**Extracted entries**
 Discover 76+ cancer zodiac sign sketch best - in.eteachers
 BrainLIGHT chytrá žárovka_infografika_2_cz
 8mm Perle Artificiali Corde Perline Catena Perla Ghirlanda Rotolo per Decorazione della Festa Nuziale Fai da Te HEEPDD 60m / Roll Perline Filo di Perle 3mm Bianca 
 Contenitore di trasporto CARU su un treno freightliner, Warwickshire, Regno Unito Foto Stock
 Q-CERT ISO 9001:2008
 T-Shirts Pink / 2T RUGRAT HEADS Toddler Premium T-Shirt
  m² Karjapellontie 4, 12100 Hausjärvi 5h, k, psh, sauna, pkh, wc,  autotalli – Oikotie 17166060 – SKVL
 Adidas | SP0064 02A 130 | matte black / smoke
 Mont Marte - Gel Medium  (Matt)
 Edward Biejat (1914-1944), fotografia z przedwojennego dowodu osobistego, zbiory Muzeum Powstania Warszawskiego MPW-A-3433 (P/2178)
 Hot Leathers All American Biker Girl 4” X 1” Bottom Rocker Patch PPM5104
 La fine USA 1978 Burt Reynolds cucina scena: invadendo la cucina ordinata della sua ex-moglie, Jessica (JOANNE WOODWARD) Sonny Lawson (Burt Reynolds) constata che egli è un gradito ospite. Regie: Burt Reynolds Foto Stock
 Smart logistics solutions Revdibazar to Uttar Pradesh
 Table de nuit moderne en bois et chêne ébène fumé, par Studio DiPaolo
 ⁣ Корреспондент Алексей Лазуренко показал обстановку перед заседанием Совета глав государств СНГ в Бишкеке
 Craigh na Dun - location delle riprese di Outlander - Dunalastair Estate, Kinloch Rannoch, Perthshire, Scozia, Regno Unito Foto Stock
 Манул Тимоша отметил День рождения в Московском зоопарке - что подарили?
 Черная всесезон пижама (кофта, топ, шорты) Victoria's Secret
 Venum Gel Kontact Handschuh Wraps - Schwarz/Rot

**What you have to do**
Reproduce each line, exactly as it appears, from the one that contains "Table de nuit" through the last line of the records. Add no other lines.

**Written reply**
 Table de nuit moderne en bois et chêne ébène fumé, par Studio DiPaolo
 ⁣ Корреспондент Алексей Лазуренко показал обстановку перед заседанием Совета глав государств СНГ в Бишкеке
 Craigh na Dun - location delle riprese di Outlander - Dunalastair Estate, Kinloch Rannoch, Perthshire, Scozia, Regno Unito Foto Stock
 Манул Тимоша отметил День рождения в Московском зоопарке - что подарили?
 Черная всесезон пижама (кофта, топ, шорты) Victoria's Secret
 Venum Gel Kontact Handschuh Wraps - Schwarz/Rot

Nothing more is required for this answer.